Виктор Вавич (Житков) - страница 26

Они шли уже второй тур. Она теперь совсем открыла глаза, и Санька заметил, что она внимательно на него взглянула, как будто сейчас только увидала его, какой он. Они ровно, не замечая своих движений, работали ногами, как будто ехали на четвероногом экипаже, близко обнявшись. Они привыкли друг к другу — спокойно и верно, как будто прожито полжизни. Попробовал снова привлечь ее, он ускорил движение, и она поддалась, — как поддаются привычке, воспоминанию. Санька поглядел вокруг — далеко ли ее место, где она рядом с мамашей оставила веер на стуле.

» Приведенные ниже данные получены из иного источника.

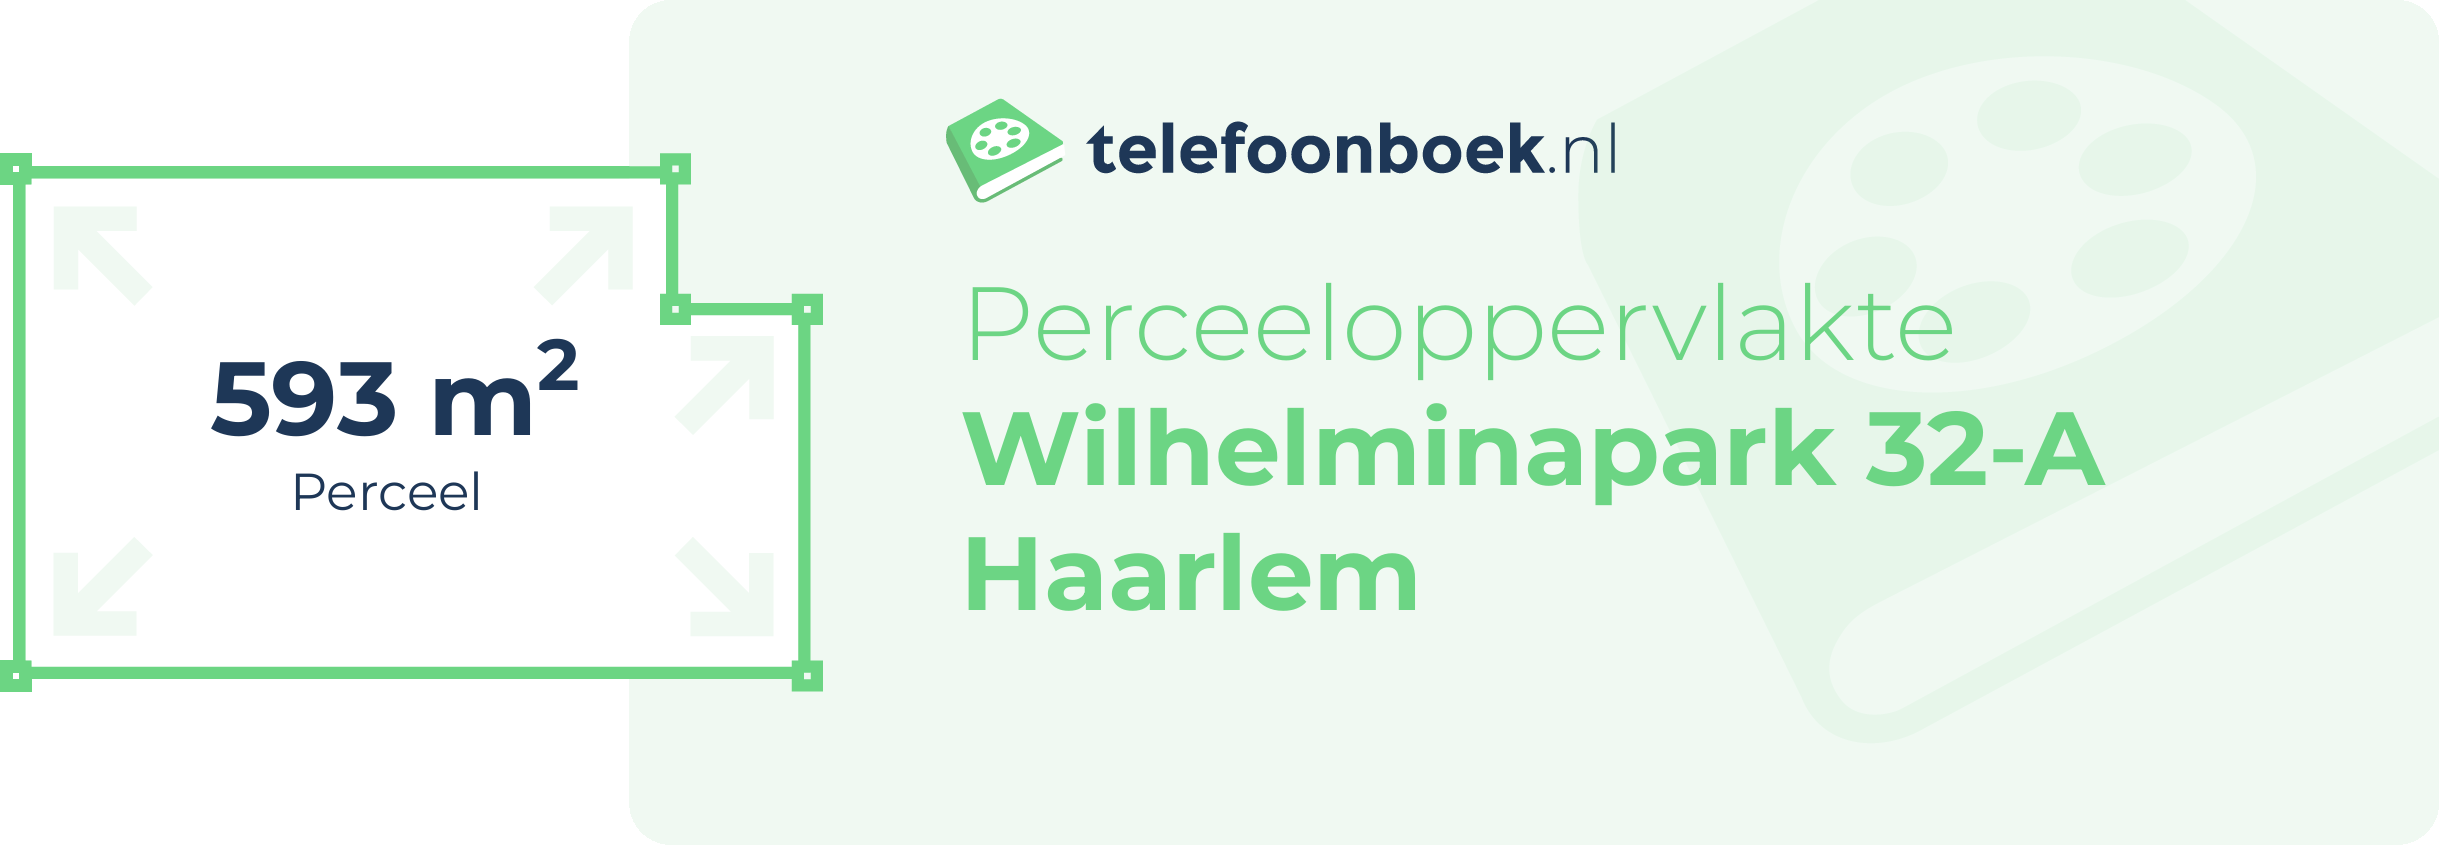 Perceeloppervlakte Wilhelminapark 32-A Haarlem
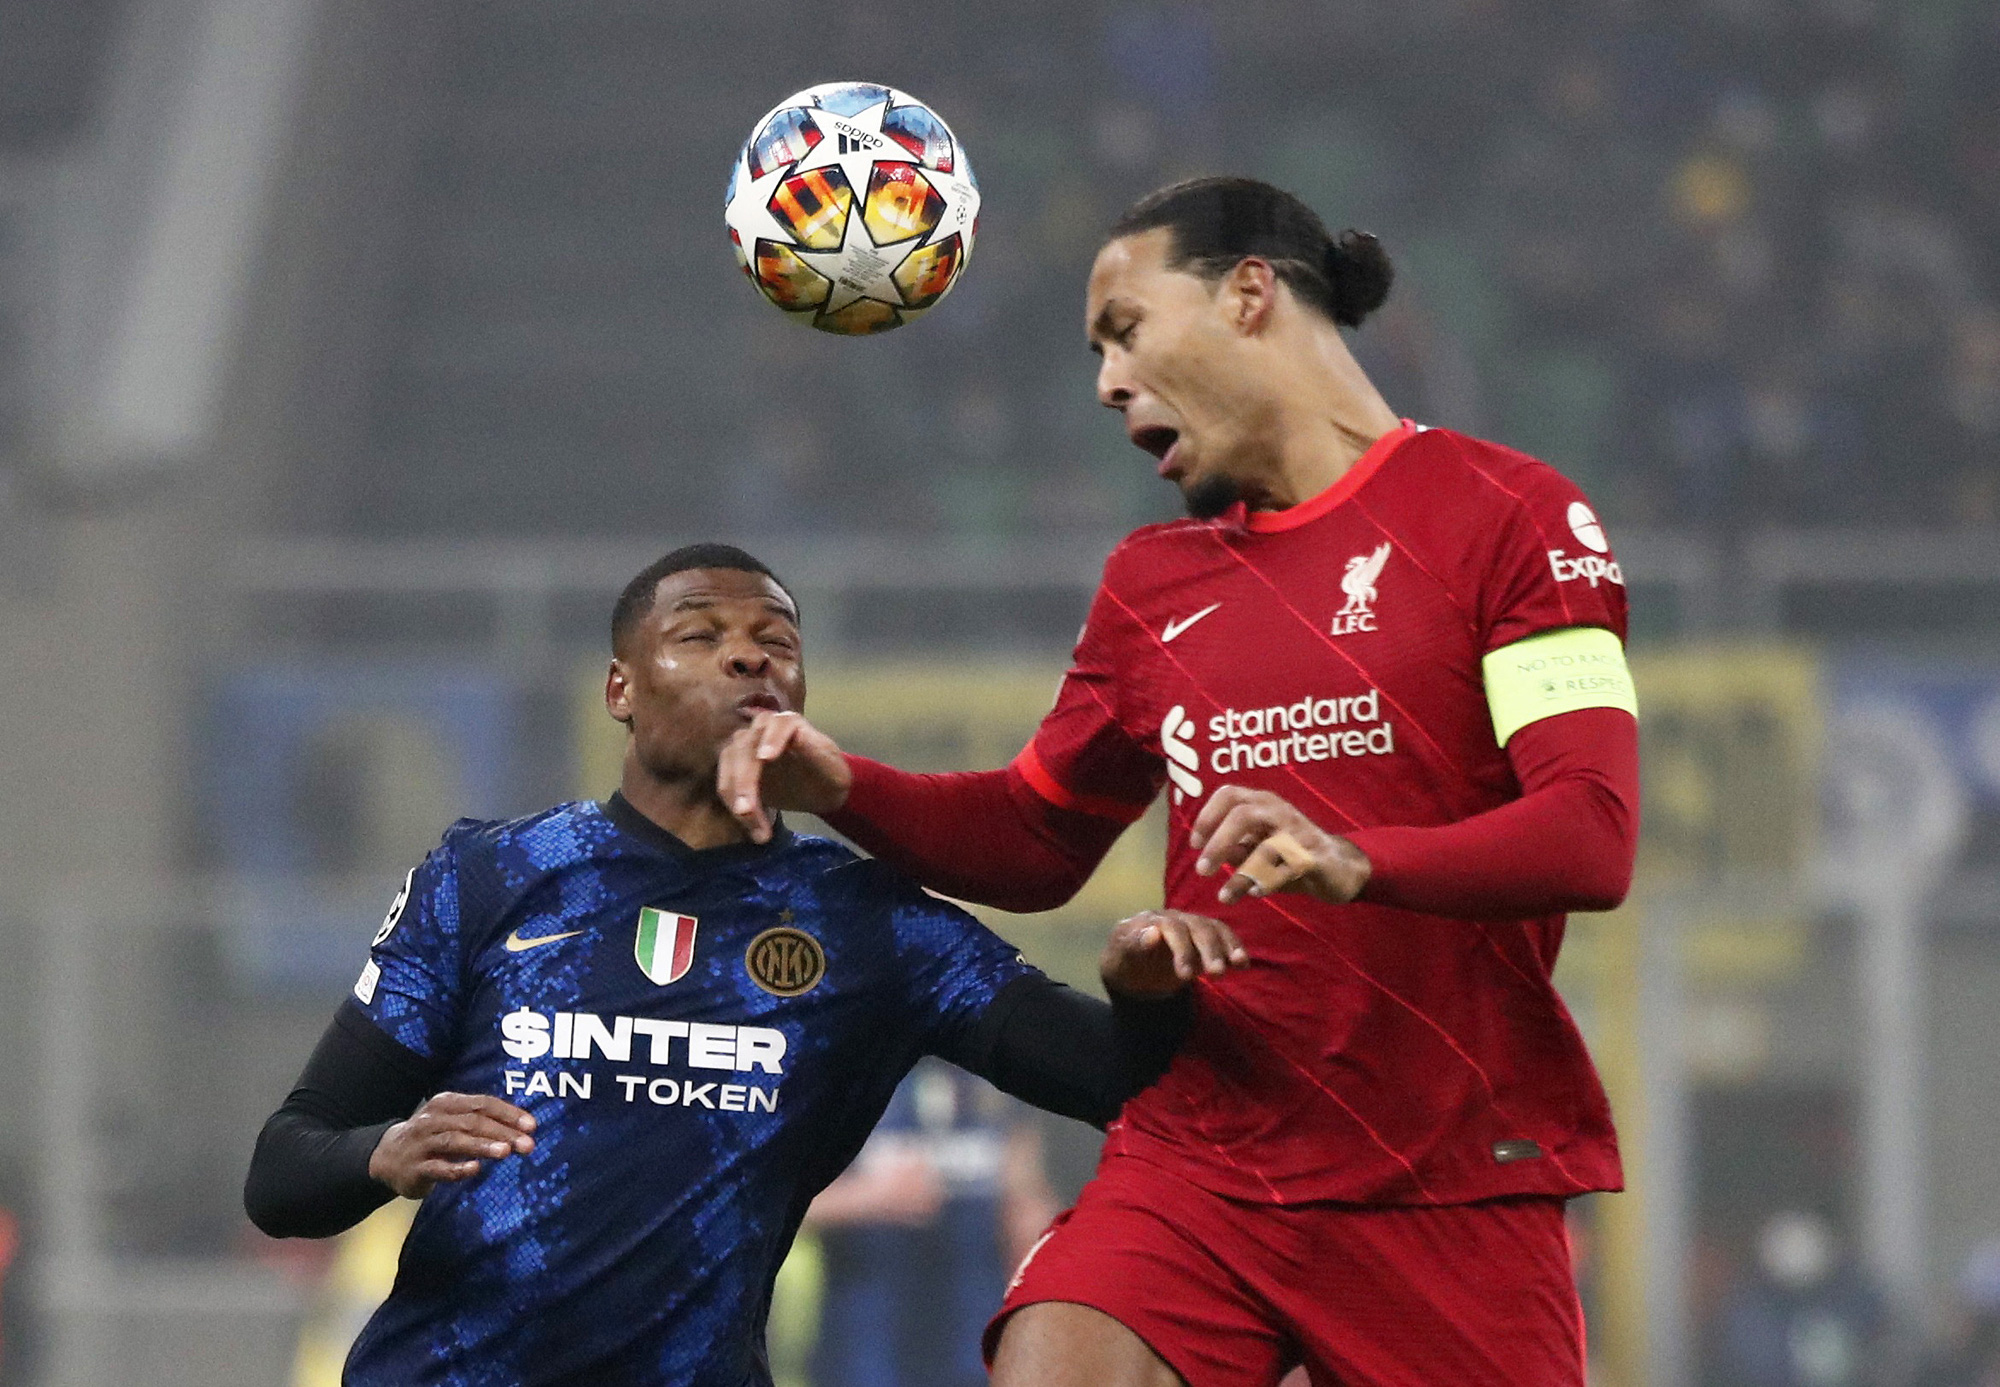 Tám phút bùng nổ, Liverpool đánh bại chủ nhà Inter Milan tại Giuseppe Meazza - Ảnh 1.

Надо было кончать весь этот роман в два тура, и он мерил глазами расстояние. Теперь было все равно, пусть даже заговорит, и, чтоб скоротать время, неловкое, скучное время (как с толстой дамой на извозчике), Санька спросил:

— Почему вы серег не носите? Вам бы так шло.

При первом звуке его голоса она насторожилась, но, выслушав вопрос, отвернулась в сторону, ища свое место.

— Merci! — сказала она и, слегка пошатываясь от кружения, села на свой стул. На Санькин поклон закивала мамаша тройным подбородком: переливались жирные складки.

«Не то, — думал Санька, лавируя к дверям. — То должно пронзить: пронзить сладко и смертельно».

Алешка

САНЬКА хотел еще затянуться два раза и бросить папиросу. В это время на площадку лестницы вышел молодой человек в штатском сюртуке, с рукой на черной перевязи, с прыщавым лицом.

— А, Тиктин! Пляшете на радость самарским голодающим? — Он сощурил глазки и скривил толстые губы.

Санька злобно глянул, швырнул в угол папиросу, шагнул к двери.

— Нет, почему же? — продолжал молодой человек и сделал сразу серьезное и умное лицо. — Просто приятно. Я смотрел: с барышнями… И они плечиками так вот. — И он показал, как поворачивают плечиками, и снова сощурил глазки.

— Ну и ладно, — сказал Санька, — какого вы черта, Башкин…

Санька хотел придумать что-нибудь едкое. Не находил и злился. А Башкин заговорил нарочито громко, обиженным бабьим голосом:

— Я сам танцую: отчего же? Это даже гигиенично! Ей-богу! У меня вот только рука, — и он мотнул рукой вперед.

Санька видел, что Башкину очень хочется, чтобы его спросили про руку, и нарочито не спрашивал.

В это время вальс замедлился и оборвался. Стала слышней толпа. Захлопали двери. На лестницу стали выходить кавалеры, красные, потные, обмахиваясь платками, закуривали.

Башкин оперся о балюстраду, неестественно, неуклюже: все вы тут франты, а я вот какой, нарочито такой, и вот с рукой. К нему подходили, он здоровался левой рукой.

— Что это с вами?

И Санька слышал, как Башкин рассказывал случай: бойко, литературно.